We ask whether it was difficult to convince the people in this region of the need for conservation measures for this large eagle. “Our relations with the mountain climbers are very good these days. They just hadn’t realized their hobby caused massive disturbance for these sensitive birds,” says Pia Höfferle. Since Pia and Tomaž began their educational work, disturbance of eagle owl nests by the climbers has become a rare occurrence. Making the electricity cables safe for birds has also met with the broad approval of the locals. “The most important work in bringing people round wasn’t done by us but by the eagle owls themselves,” says Tomaž Mihelič chuckling. “The eagle owl is just a very charismatic species.”

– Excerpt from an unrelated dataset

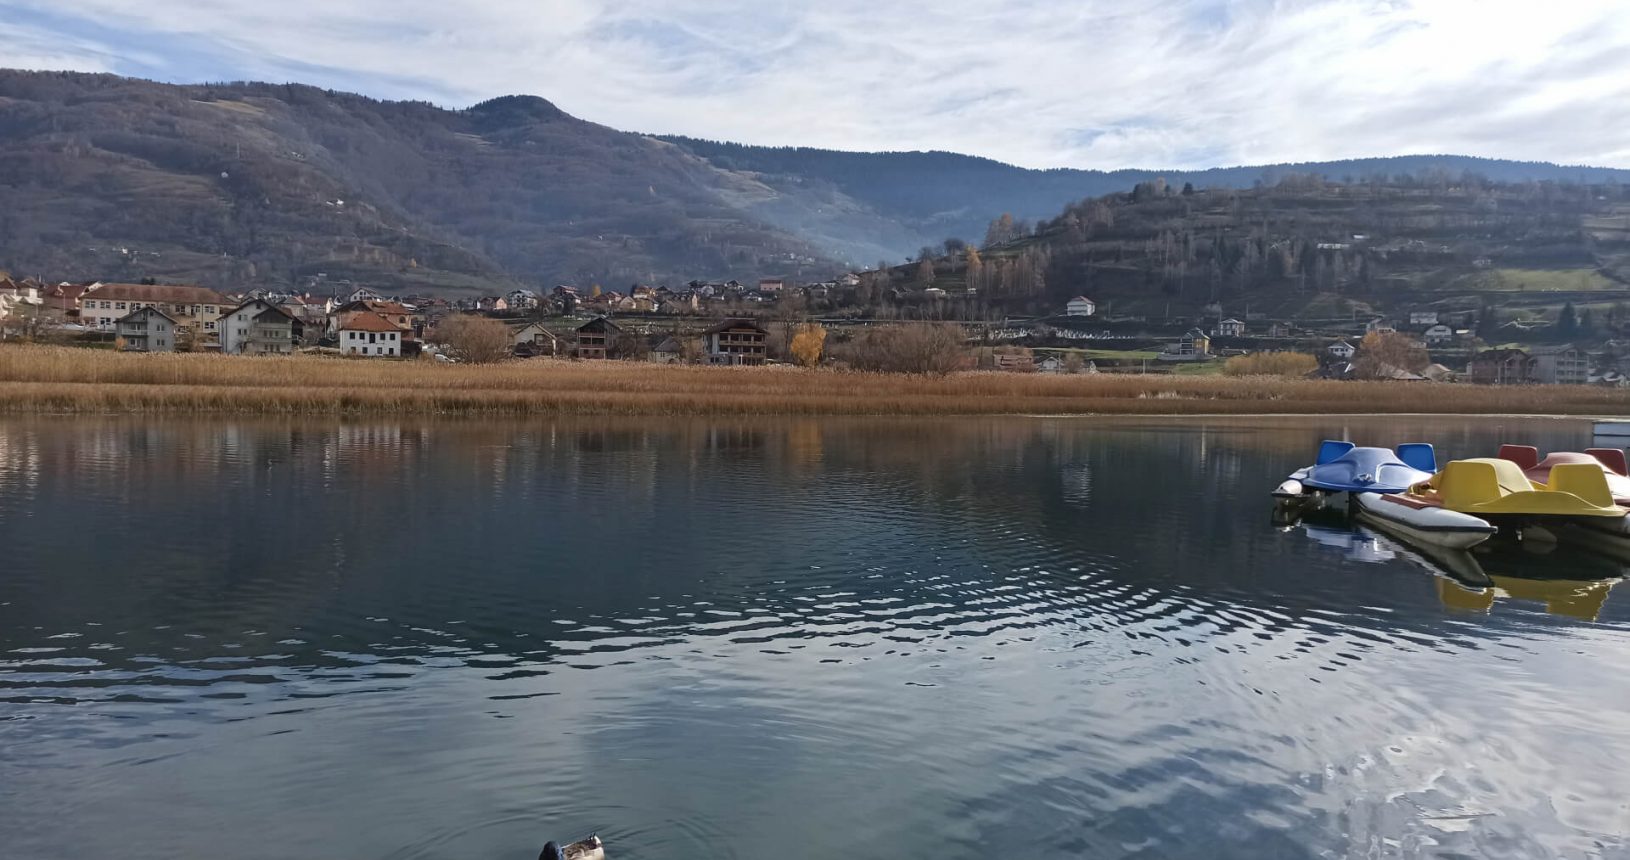 Ducks in Plav lake
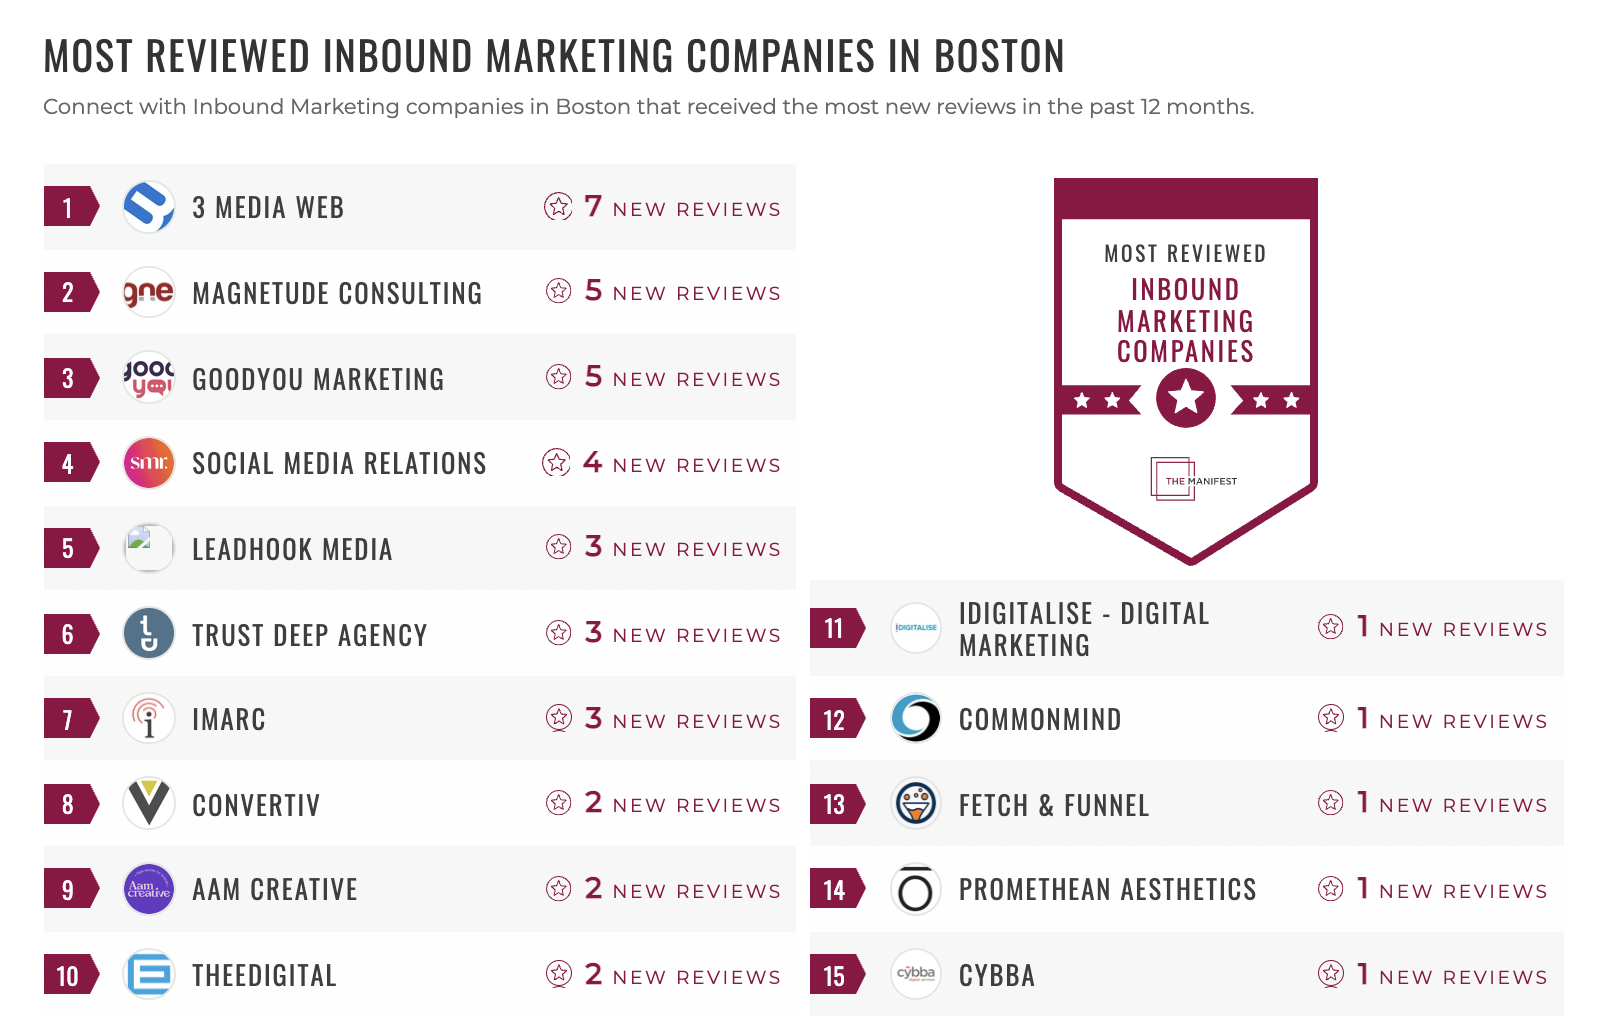 Most Reviewed Inbound Marketing Companies in Boston

The EuroNatur team would have loved to spend longer in this impressive landscape, at least until dusk set in and we had the chance to hear the characteristic call of Europe’s largest owl for ourselves. However, we need to be up with the lark the next morning and back to Lake Constance – laden with memories of this small but very varied country, where EuroNatur’s work will be continuing.
The author of this article has already been to several other EuroNatur project areas but was in Slovenia for the first time. He was very taken by the country, which forms a bridge between central Europe and the Balkans, not only for its natural spaces but also for its history and culture. His personal tour highlight was swimming in the Mediterranean on his 37th birthday.